The transgenerational molecular mechanism is distinct and involves the germline (sperm or egg) having an altered epigenome that following fertilization may modify the embryonic stem cells epigenome and transcriptome. This subsequently impacts the epigenetics and transcriptome of all somatic cell types derived from these stem cells.

Therefore, all somatic cells in the transgenerational [F3] animal have altered epigenomes and transcriptomes and those sensitive to this alteration will be susceptible to develop disease. The F3 generation can have disease while the F1 and F2 generations do not, due to this difference in the molecular mechanisms involved.

The epimutations and gene expression differences observed are present in granulosa cells in the late pubertal female rats at 22-24 days of age, which is long before any visible signs of ovarian disease are detectable.
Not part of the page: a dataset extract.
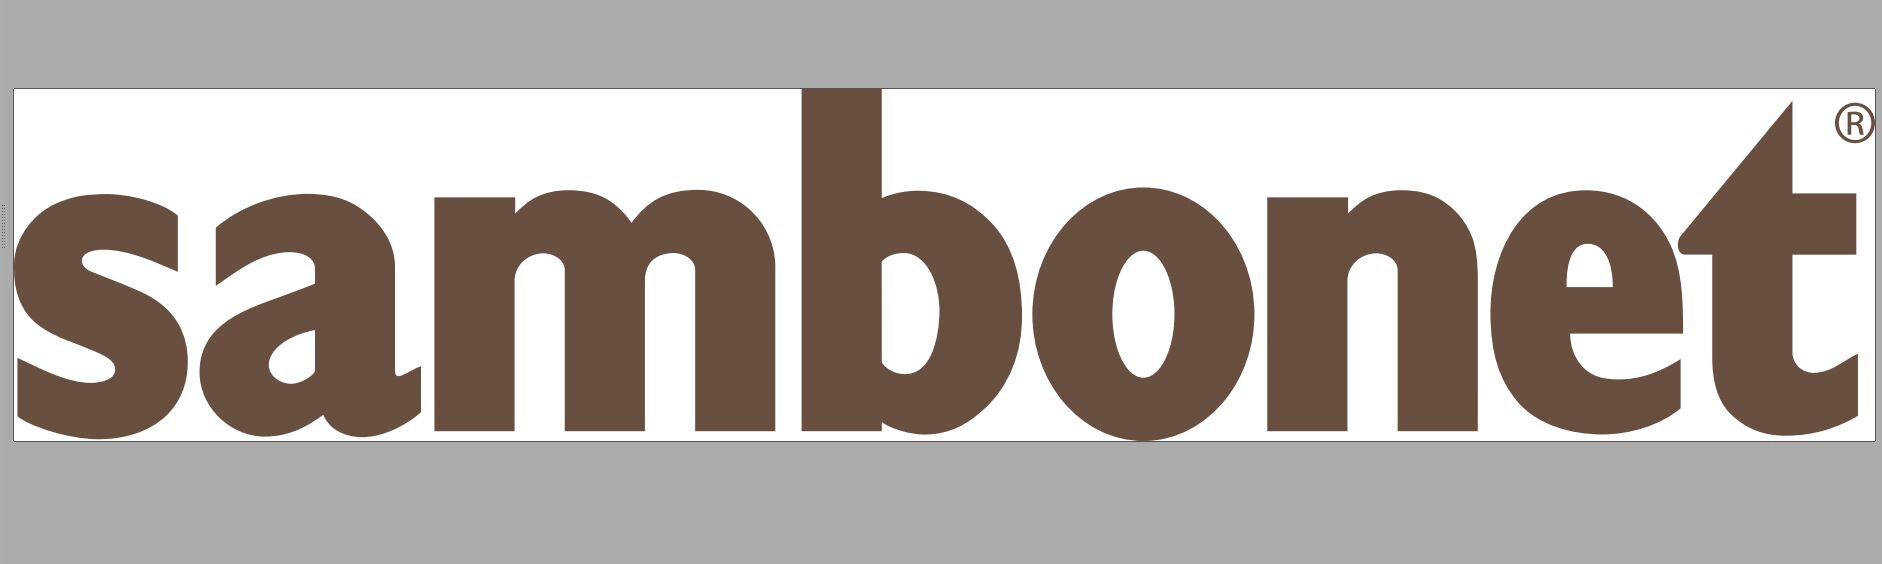 sambonet-logo

This indicates that the underlying factors that can contribute to adult-onset diseases like PCOS and POI appear to be present early in life.

Ancestral exposure to toxicants is a risk factor that must be considered in the molecular etiology of ovarian disease.”


1. The study highlighted a great opportunity for researchers of any disease that frequently has an “idiopathic” diagnosis. It said a lot about research priorities that “around 90% of POI cases are considered idiopathic, with no apparent genetic link nor known cause.”

It isn’t sufficiently explanatory for physicians to continue using categorization terminology from thousands of years ago. Science has progressed enough with measured evidence to discard the “idiopathic” category and express probabilistic understanding of causes.

2. One of this study’s coauthors made a point worth repeating in The imperative of human transgenerational studies: What’s keeping researchers from making a significant difference in their fields with human epigenetic transgenerational inheritance studies?

3. Parts of the study’s Discussion section weren’t supported by its evidence. The study didn’t demonstrate:

  • That “all somatic cells in the transgenerational animal have altered epigenomes and transcriptomes”; and
  • The particular “molecular mechanisms involved” that exactly explain why “the F3 generation can have disease while the F1 and F2 generations do not.”

https://www.tandfonline.com/doi/abs/10.1080/15592294.2018.1521223 “Environmental Toxicant Induced Epigenetic Transgenerational Inheritance of Ovarian Pathology and Granulosa Cell Epigenome and Transcriptome Alterations: Ancestral Origins of Polycystic Ovarian Syndrome and Primary Ovarian Insuf[f]iency” (not freely available)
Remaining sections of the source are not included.